Gobbledygook contains 2 main tools :

  • generate-language/ : creates a fictional languages with its rules and particularities, trying to make it sound interesting and organic
  • use-language/ : takes as input a language and a sentence definition to output the sentence in that language

A language that has been generated this way can be saved as a JSON and reused.

Language modelization principles

Gobbledygook assumes a very simple conception of language

Phonology

  • phoneme inventory, with frequencies
  • IPA representation and the language's transliteration code into latin alphabet (currently based on my personal preference rather than a recognized standard)

Morphology

Morphology types

Languages differ in how much words change based on context.
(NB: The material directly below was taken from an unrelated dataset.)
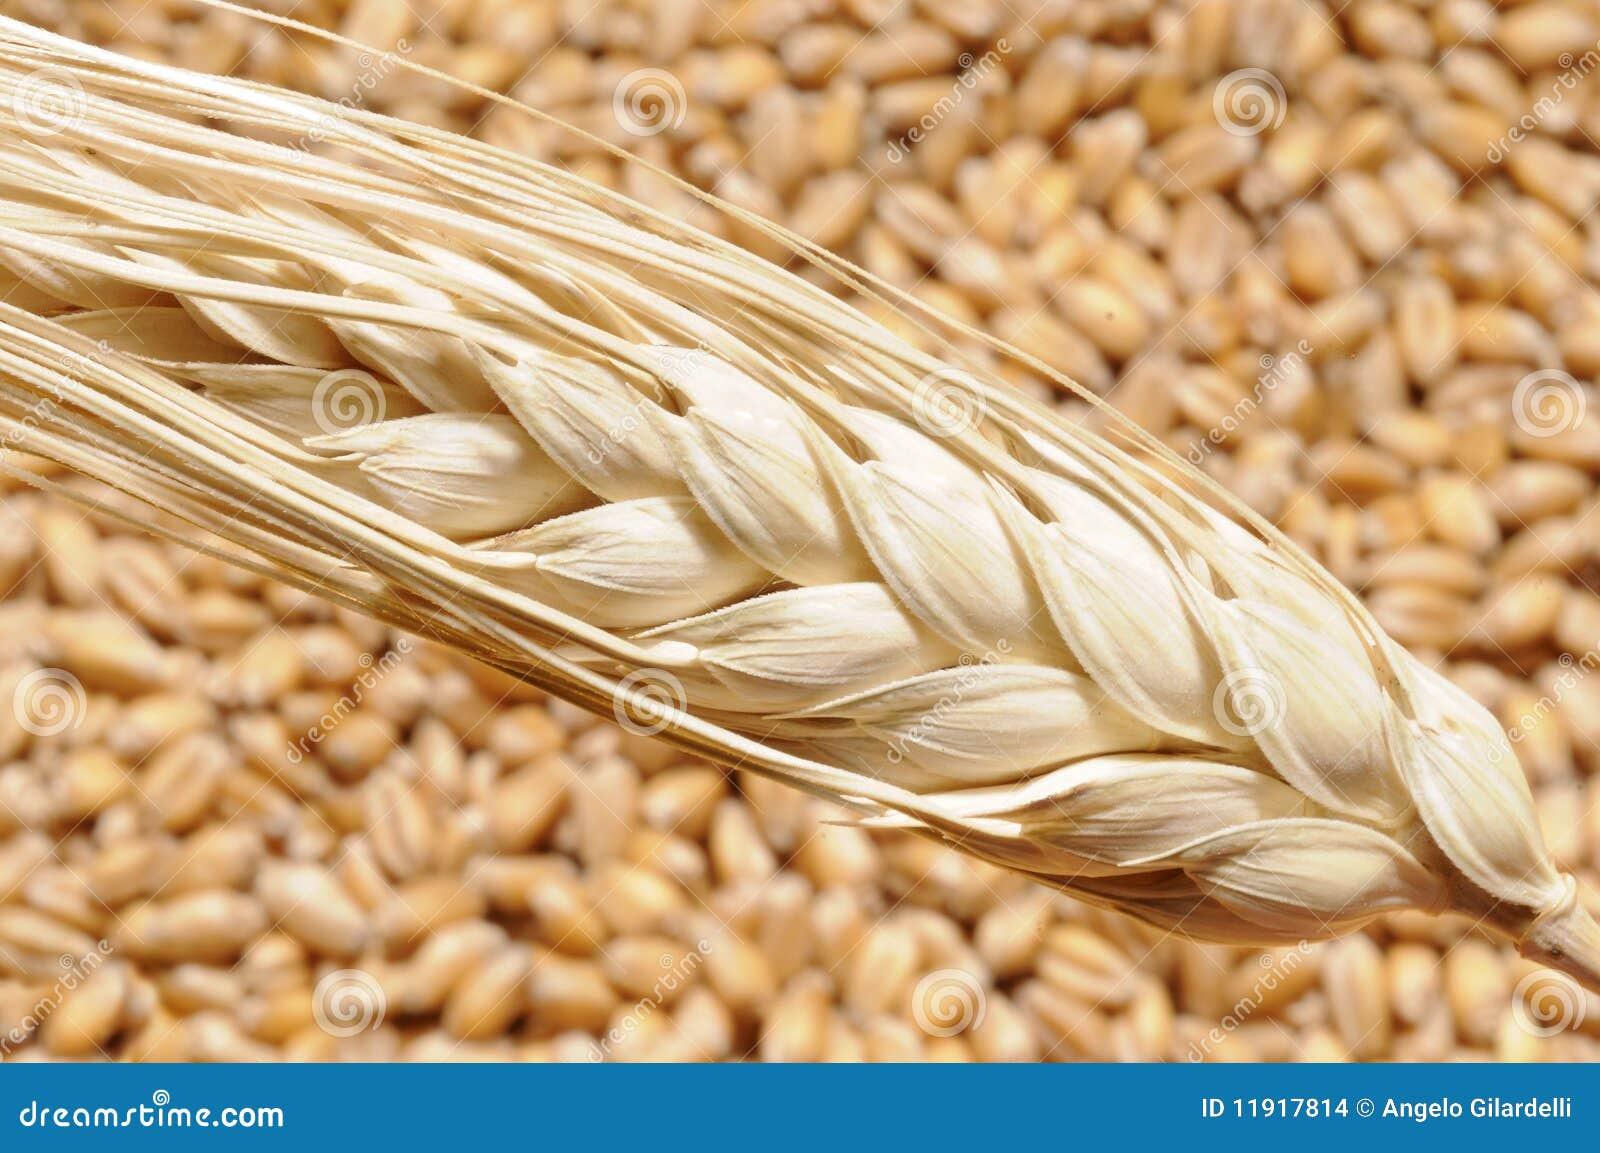 De stoom van de tarwe op korrels

Gobbledygook uses 3 simplified morphology types:

Type Description Example language How "I love" changes
Flectional Words change a lot, one suffix = multiple meanings Latin amo, amas, amat, amamus...
Semi-flectional Some changes + some helper words French j'aime, tu aimes, il aime...
Analytical Words barely change, meaning from word order + helpers Mandarin 我爱 (wǒ ài) - no verb change

Morphemes

Morphemes are generated based on the above phoneme inventory by alternating vowels and consonants.

Declension system (nouns and adjectives)

A declension system describes how words change (or not) based on their context. The relevant parameters that inflect a word are listed as rules, and the word forms are described in a nested forms object.

The rules and forms system:

  • Rules list which parameters affect the word form, in order of nesting
  • Forms is a nested object following that order, ending with a template string

Example for English noun declension:

{
  rules: ["declensionType", "grammaticalCase", "number"],
  forms: {
    noun: {
      nominative: { singular: "{morpheme}", plural: "{morpheme}s" },
      genitive: { singular: "{morpheme}'s", plural: "{morpheme}s'" }
    },
    adjective: {
      nominative: { singular: "{morpheme}", plural: "{morpheme}" }
    }
  }
}

For "dog" (morpheme: "dog") in plural nominative: → navigate forms.noun.nominative.plural"{morpheme}s""dogs"

More examples:

English inflects its nouns and adjectives by rules: ["declensionType", "grammaticalCase", "number"]

For yellow in the sentence the yellow taxis drive over the bridge, yellow follows the rules

  • declensionType = adjective,
  • grammaticalCase = nominative and
  • number = plural, giving the form yellow

French inflects its nouns and adjectives by rules: ["declensionType", "declensionGroup", "grammaticalCase", "gender", "number"]

For cheval in the sentence les enfants adorent les petits chevaux, cheval follows the rules

  • declensionType = noun,
  • declensionGroup = alEnding,
  • grammaticalCase = accusative,
  • gender = masculine and
  • number = plural, giving the form chevaux

Grammatical cases

Cases indicate the role a noun plays in a sentence. English mostly uses word order, but other languages change the word itself.

Case Role English example Latin example
Nominative Subject (who does the action) "The dog bites the man" "Canis mordet virum"
Accusative Direct object (receives the action) "The dog bites the man" "Canis mordet virum"
Dative Indirect object (recipient) "I give a bone to the dog" "Do os cani"
Genitive Possession "The dog's bone" / "bone of the dog" "os canis"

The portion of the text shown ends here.